During the hyperinflation of the 1920s, Kneipen kept a roof over people’s heads in an even more immediate way.

“Bum pubs” or vagrant bars provided an alternative to police-monitored shelters. In unlit back rooms, the unemployed and “shady characters” would doze in armchairs, while early-morning trade in bread, potatoes and liquor took place before the city fully woke up.

Following the devastation of the Second World War, the Kneipe took on a new role as a symbol of Germany’s reconstruction. By the 1950s, you could find a pub on literally every corner on some city intersections. 

They became vital community pillars in a country still lying in ruin and with a limited number of social spaces outside the home or workplace.
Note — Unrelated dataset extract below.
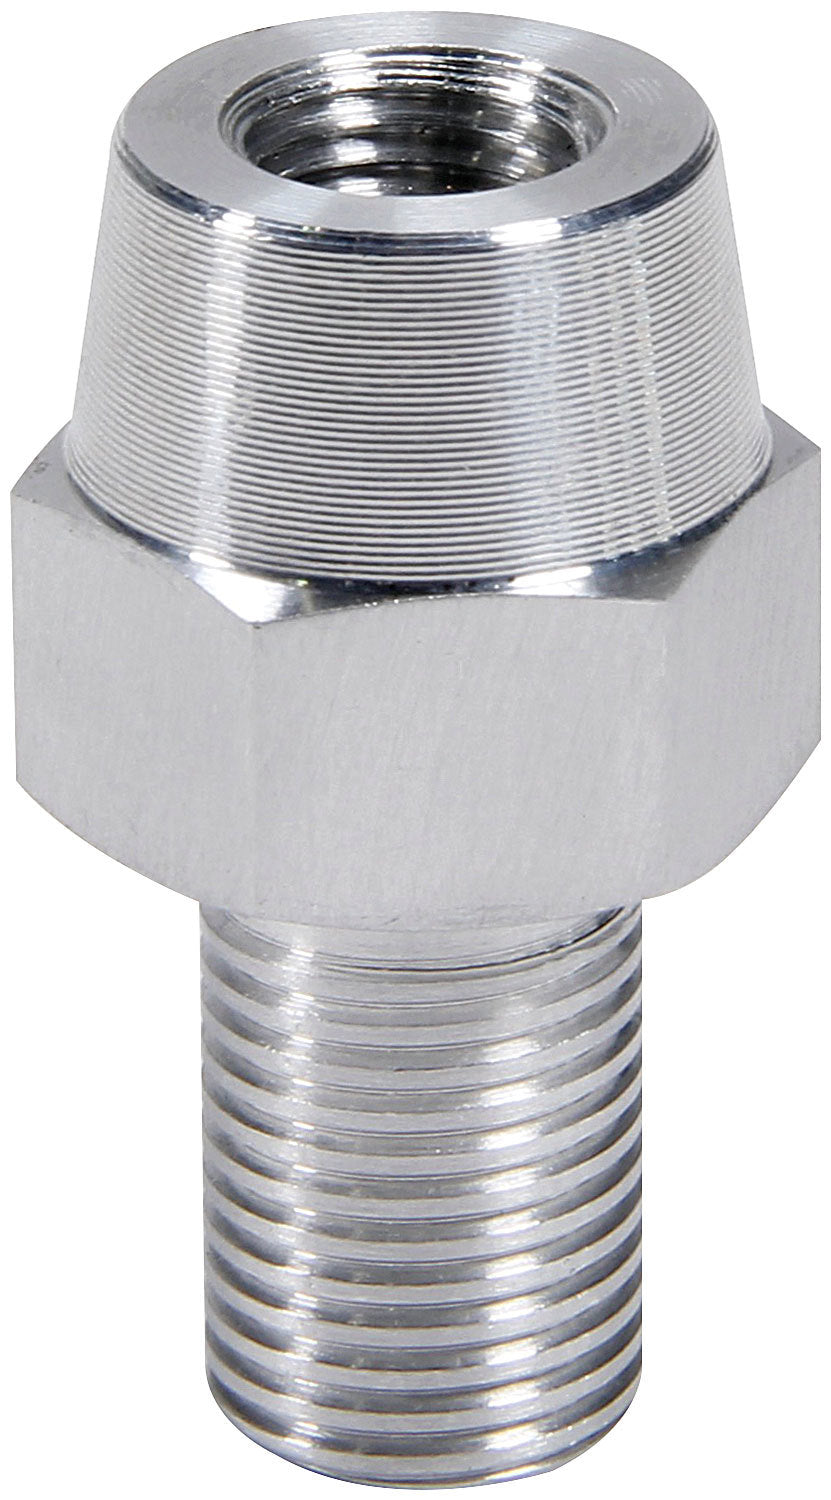 Hood Pin Adapter 1/2-20 Male to 3/8-24 Female

Despite their increasing number and proximity to one another, patrons tended to stay loyal to their local pub.

READ ALSO: 10 fascinating facts you never knew about German beer

Gentrification and changing tastes

Today, statistics paint a sobering picture for the Kneipe. Between 2009 and 2015, the number of pubs and restaurants across Germany plummeted from nearly 36,700 to around 31,100.

Hamburg was at one time the leader in closures, losing 48.1 percent of its establishments in a decade, closely followed by Lower Saxony.

A glass of beer stands on a table in a Kneipe in the city in Oberhausen, western Germany. (Photo by Ina FASSBENDER / AFP)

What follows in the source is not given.